| About this exercise |
Each line of the listing below that includes "hospital" must be copied.

| Provided information |
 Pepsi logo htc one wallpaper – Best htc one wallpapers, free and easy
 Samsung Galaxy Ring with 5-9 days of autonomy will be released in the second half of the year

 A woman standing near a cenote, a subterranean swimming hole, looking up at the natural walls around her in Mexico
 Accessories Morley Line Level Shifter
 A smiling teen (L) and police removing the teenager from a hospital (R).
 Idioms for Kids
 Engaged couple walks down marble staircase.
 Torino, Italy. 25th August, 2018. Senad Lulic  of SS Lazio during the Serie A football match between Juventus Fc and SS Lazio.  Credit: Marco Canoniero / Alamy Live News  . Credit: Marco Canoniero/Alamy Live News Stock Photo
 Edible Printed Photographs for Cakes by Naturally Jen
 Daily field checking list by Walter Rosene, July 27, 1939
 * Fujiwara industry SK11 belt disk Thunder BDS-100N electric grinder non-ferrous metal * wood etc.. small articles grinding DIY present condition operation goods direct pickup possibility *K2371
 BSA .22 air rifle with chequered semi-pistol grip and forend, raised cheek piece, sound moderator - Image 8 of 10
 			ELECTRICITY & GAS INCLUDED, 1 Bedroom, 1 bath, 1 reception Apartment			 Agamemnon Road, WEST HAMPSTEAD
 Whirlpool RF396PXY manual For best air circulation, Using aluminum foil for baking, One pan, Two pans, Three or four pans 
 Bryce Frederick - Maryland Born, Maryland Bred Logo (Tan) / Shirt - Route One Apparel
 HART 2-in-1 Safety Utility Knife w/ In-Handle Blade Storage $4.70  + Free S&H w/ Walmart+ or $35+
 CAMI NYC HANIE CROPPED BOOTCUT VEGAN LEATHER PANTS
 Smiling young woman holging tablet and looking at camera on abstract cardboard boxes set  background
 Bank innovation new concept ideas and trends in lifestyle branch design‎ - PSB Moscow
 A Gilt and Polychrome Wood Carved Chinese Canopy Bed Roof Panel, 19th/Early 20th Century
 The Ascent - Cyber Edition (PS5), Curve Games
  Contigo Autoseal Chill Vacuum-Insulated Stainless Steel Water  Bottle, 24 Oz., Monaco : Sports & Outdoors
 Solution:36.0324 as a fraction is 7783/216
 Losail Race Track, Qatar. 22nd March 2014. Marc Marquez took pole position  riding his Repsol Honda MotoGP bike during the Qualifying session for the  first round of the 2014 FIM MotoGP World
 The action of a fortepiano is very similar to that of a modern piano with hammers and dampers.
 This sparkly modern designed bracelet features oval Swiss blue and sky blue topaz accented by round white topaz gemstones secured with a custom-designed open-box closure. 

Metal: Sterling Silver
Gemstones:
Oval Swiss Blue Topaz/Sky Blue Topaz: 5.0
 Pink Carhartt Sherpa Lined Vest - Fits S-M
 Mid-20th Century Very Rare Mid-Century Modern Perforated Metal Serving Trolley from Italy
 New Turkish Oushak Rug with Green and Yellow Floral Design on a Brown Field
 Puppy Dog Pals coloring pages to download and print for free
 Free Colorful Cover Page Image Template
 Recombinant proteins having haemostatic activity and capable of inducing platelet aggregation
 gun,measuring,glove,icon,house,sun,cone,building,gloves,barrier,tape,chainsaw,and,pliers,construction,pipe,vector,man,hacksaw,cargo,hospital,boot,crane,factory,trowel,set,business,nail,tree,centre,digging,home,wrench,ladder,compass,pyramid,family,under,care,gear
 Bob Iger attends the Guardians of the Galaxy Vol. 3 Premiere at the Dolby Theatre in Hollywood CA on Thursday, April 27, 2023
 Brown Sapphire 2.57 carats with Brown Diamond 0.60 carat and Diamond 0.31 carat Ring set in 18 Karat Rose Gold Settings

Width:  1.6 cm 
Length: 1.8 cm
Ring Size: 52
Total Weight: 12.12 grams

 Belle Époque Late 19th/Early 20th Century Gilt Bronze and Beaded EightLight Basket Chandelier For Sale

| Task solution |
 A smiling teen (L) and police removing the teenager from a hospital (R).
 gun,measuring,glove,icon,house,sun,cone,building,gloves,barrier,tape,chainsaw,and,pliers,construction,pipe,vector,man,hacksaw,cargo,hospital,boot,crane,factory,trowel,set,business,nail,tree,centre,digging,home,wrench,ladder,compass,pyramid,family,under,care,gear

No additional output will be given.